This concludes the basic usage section, preprocessing, isolating ASreads and testing for ASE using a binomial and beta binomial were discussed.


Please note that having two individuals in your analysis is usually not enough to provide you with robust estimates of ASE.


Additional features (1): Cell type specific tests:

When your sequenced sample is a mixture of tissues (for instance when sequencing blood samples), you may be interested in how allele specific expression is a factor in a specific tissue. For this purpose, a cell type specific testing feature is available in this module that will automatically produce results when a phenotype file is available.

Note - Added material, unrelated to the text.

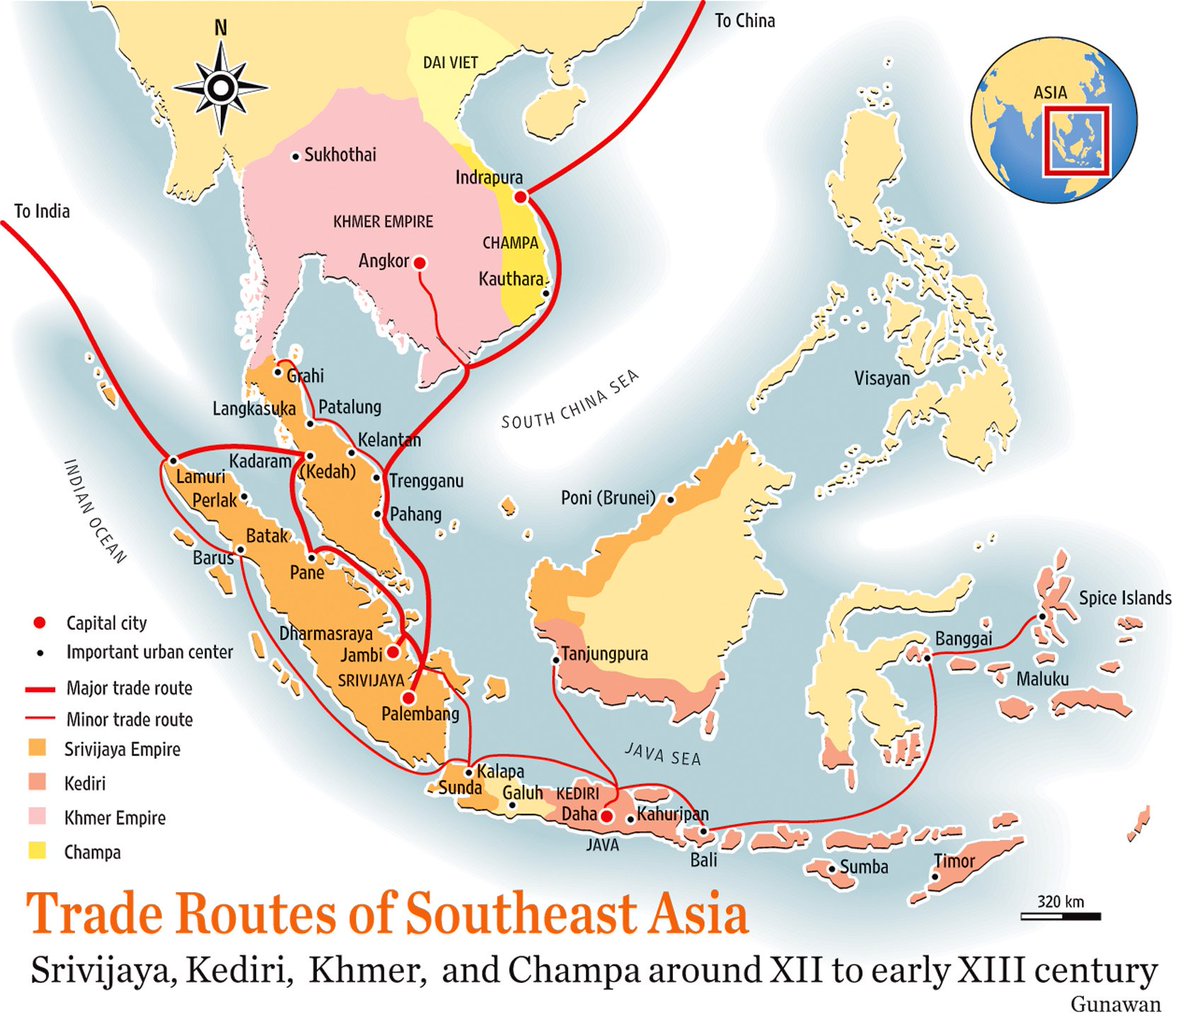 But at the same time, formerly close relations with other parts of Southeast Asia (particularly the mainland) were forgotten. The Malay states became stagnant *because* of the colonists, who blamed it on the "native physique" and "indolence"
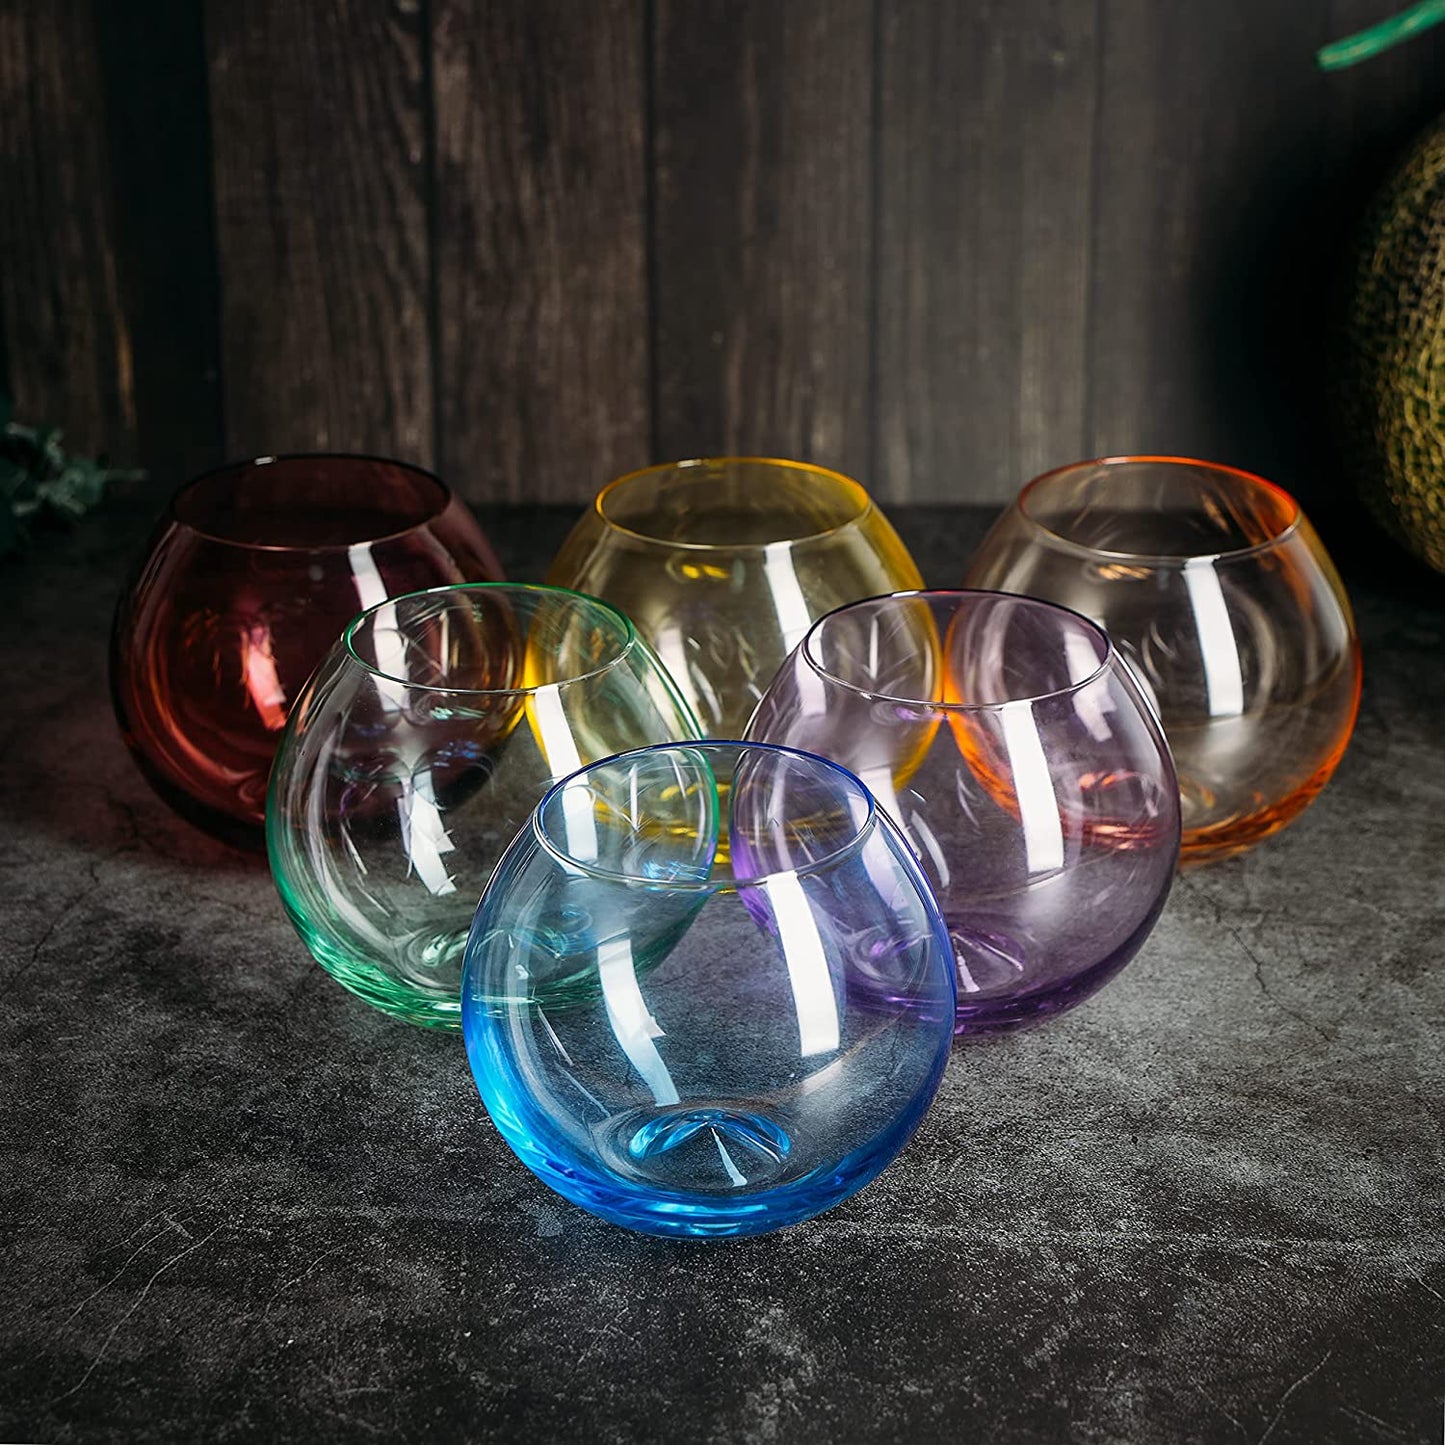 Rainbow Colored Stemless Wine Glasses (Set of 6)- by The Wine Savant

A phenotype file is a file with some ratio per individual:


Where the ordering of the file is the same ordering as the ordering of individuals in the --as_locations option. When integrating this phenotype file with the Suzie Peter example (see Step 2 in the basic usage), this will mean that for some cell type, the proportion of the celltype in the tissue is 0.25 (25%) in Suzie and 0.43 (43%) in Peter

Saving this file as Suzie-Peter-Phenotype.txt, the command run will look like this:

java -jar cellTypeSpecificAlleleSpecificExpression.jar \
    --action ASEperSNP \
    --output PeterSuzieTests
    --as_locations Suzie-Peter-ASFiles.txt \
    --minimum_hets 1 \
    --minimum_reads 10\
    --pheno_file Suzie-Peter-Phenotype.txt\
    > PeterSuzie_CTS_Out.txt

Results of the Cell type specific effects can be found in the results from the standard out and from the output.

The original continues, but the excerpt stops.